20.12.2016
W związku z zapadłym niedawno rozstrzygnięciem Komisji do Zwalczania Dopingu w Sporcie (KdZDwS) w sprawie Konrada Bukowieckiego ponownie aktualny stał się temat przyjmowania przez sportowców odżywek i suplementów diety, które potencjalnie mogą zawierać w swoim składzie substancje zabronione. W dzisiejszym blogu przyjrzyjmy się zatem regulacjom prawnym związanym z przyjmowaniem suplementów przez sportowców, wytycznym i zaleceniom WADA w tym zakresie oraz praktyce orzeczniczej w postępowaniach antydopingowych na tle zanieczyszczonych suplementów i odżywek.
Truizmem jest stwierdzenie, że naruszenie przepisów antydopingowych stanowi wykrycie w organizmie zawodnika wyłącznie substancji zabronionej (oraz jej metabolitów i markerów) znajdującej się na Liście Substancji i Metod Zabronionych.

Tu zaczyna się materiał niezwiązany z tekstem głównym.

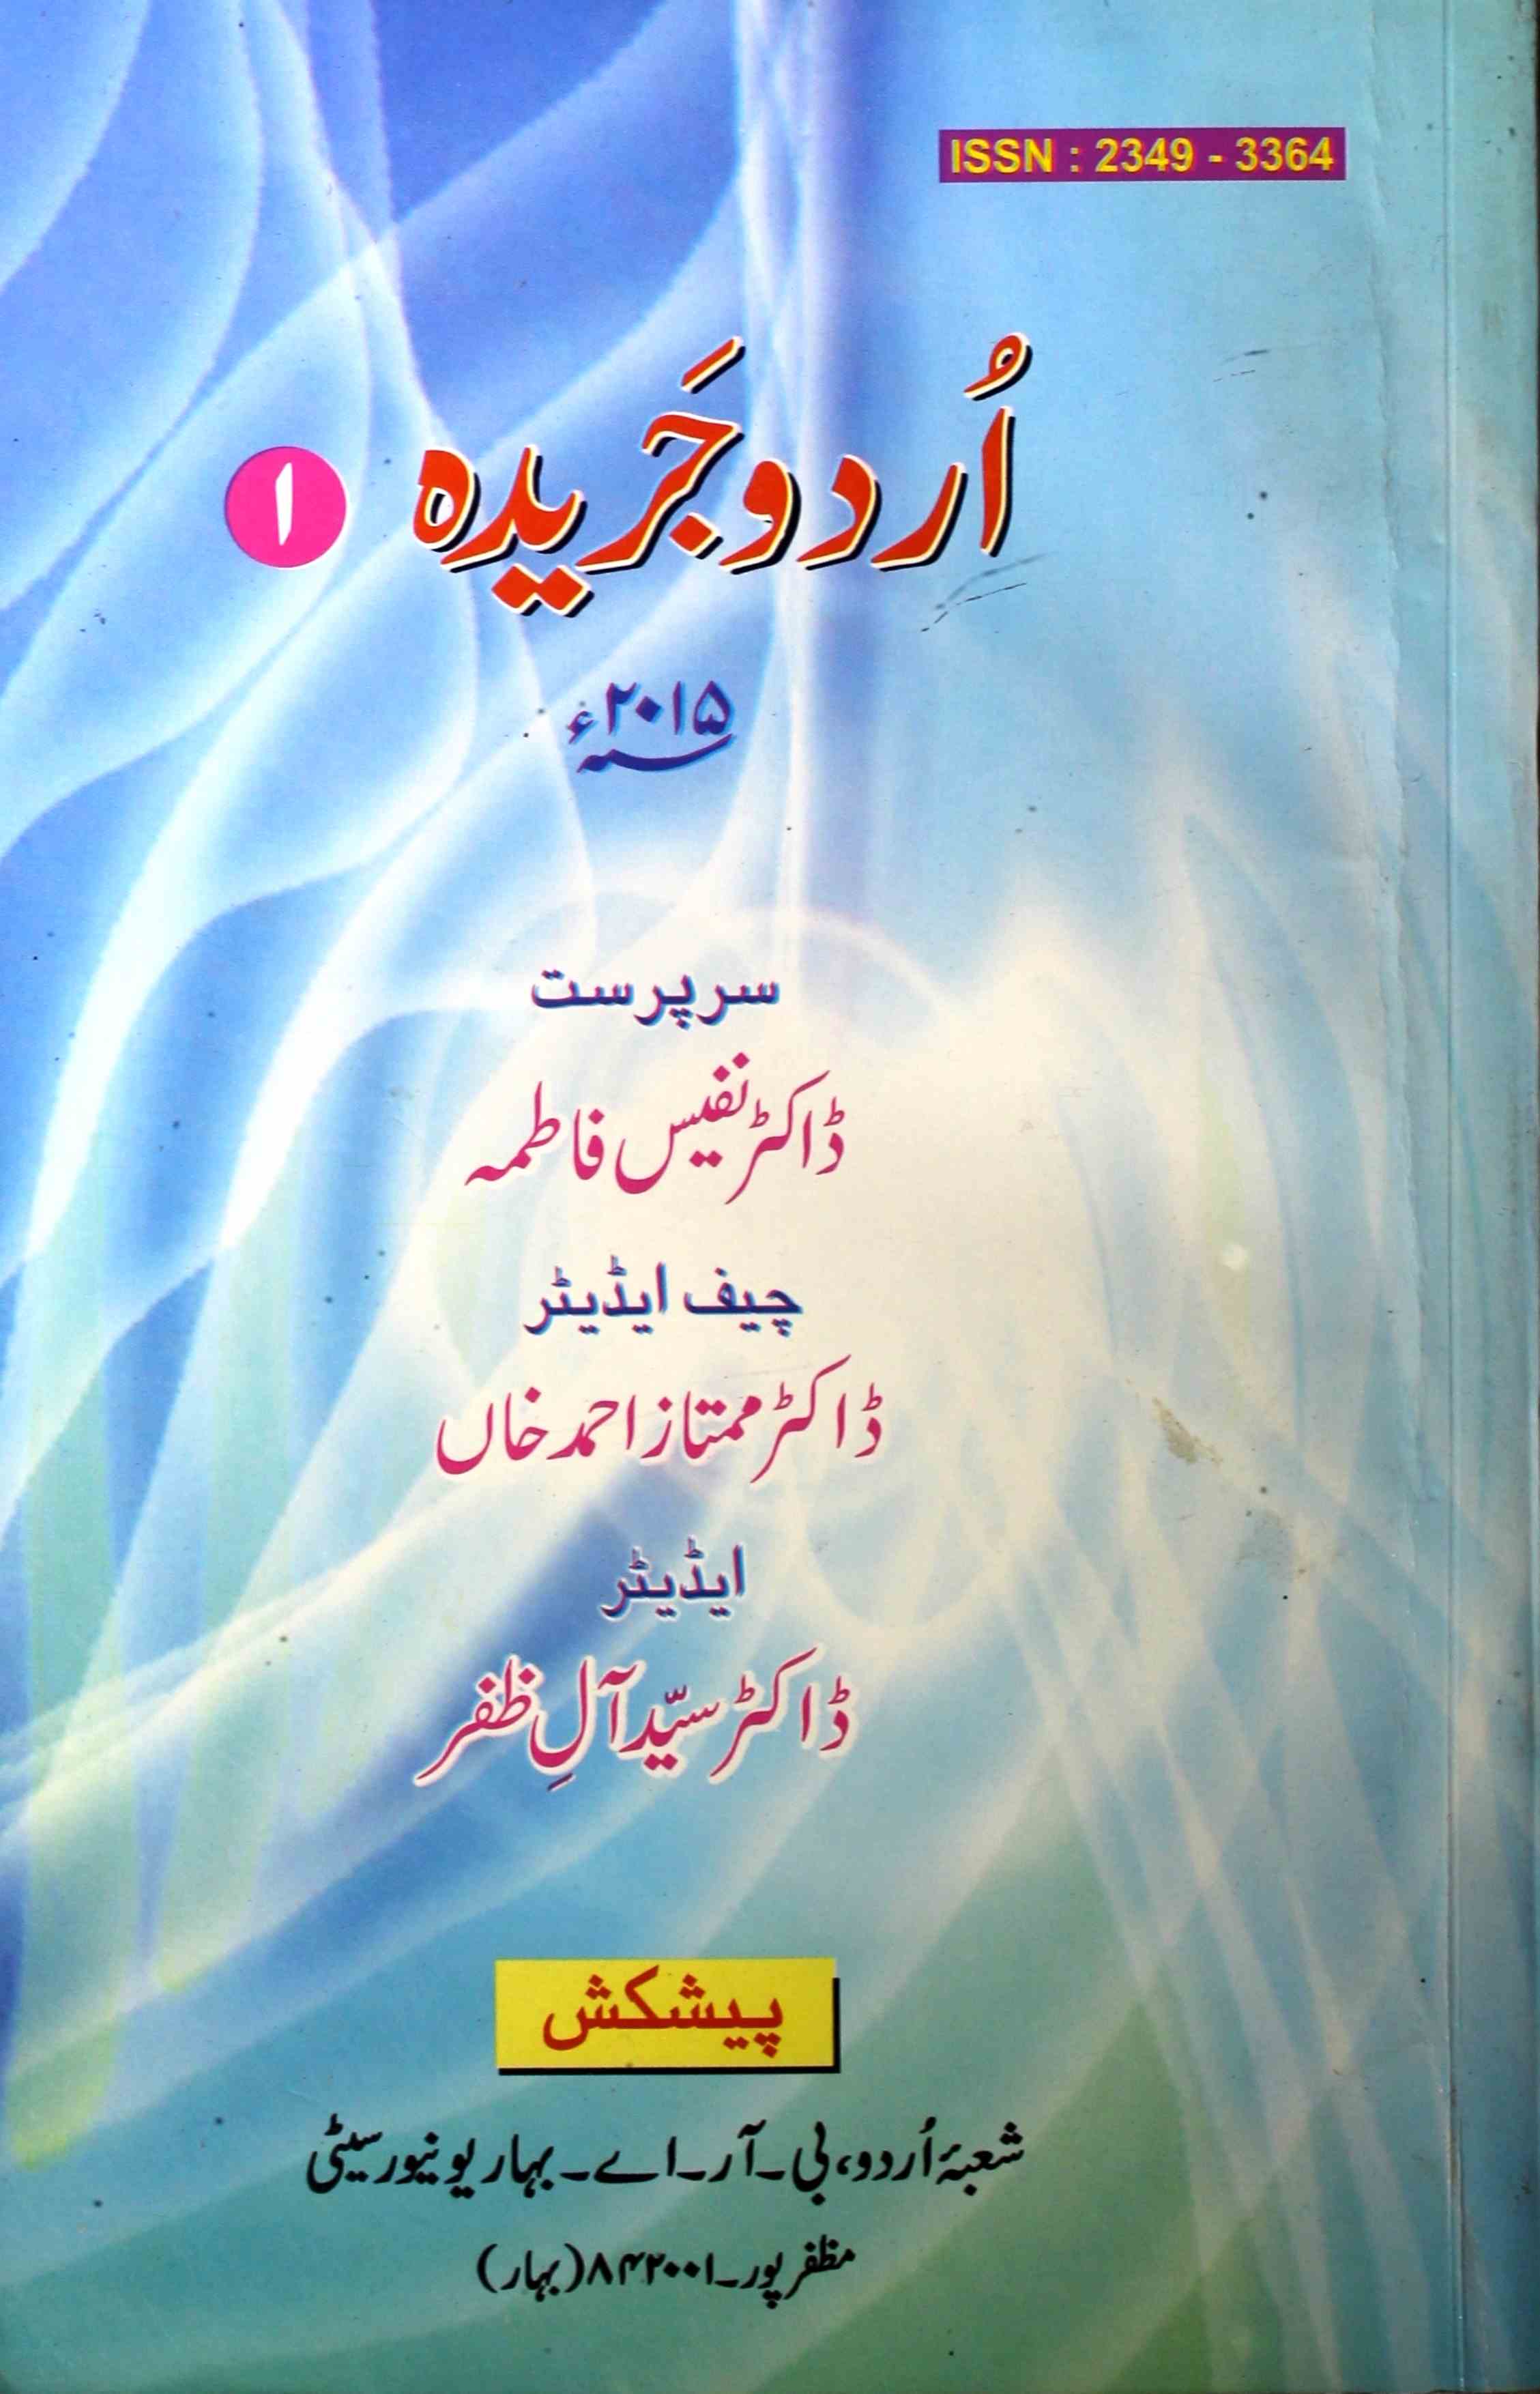 Urdu Jareeda

W związku z taką konstrukcją stosowanie przez sportowców suplementacji i odżywek nie powinno rodzić większych zagrożeń. Każdorazowo wystarczyłoby zbadać skład przyjmowanego suplementu, porównać go z Listą Substancji i Metod Zabronionych i przyjmować wyłącznie te, które substancji zabronionych nie zawierają. Niestety współcześnie do rzadkości nie należą sytuacje, w których do odżywek dodawane są substancje zabronione nieujawniane przez producenta w opisie produktu, co może prowadzić do nieświadomego stosowania dopingu. Co jakiś czas informacje o takich zagrożeniach ze wskazaniem na konkretny produkt i producenta publikuje na swojej stronie internetowej sama KdZDwS.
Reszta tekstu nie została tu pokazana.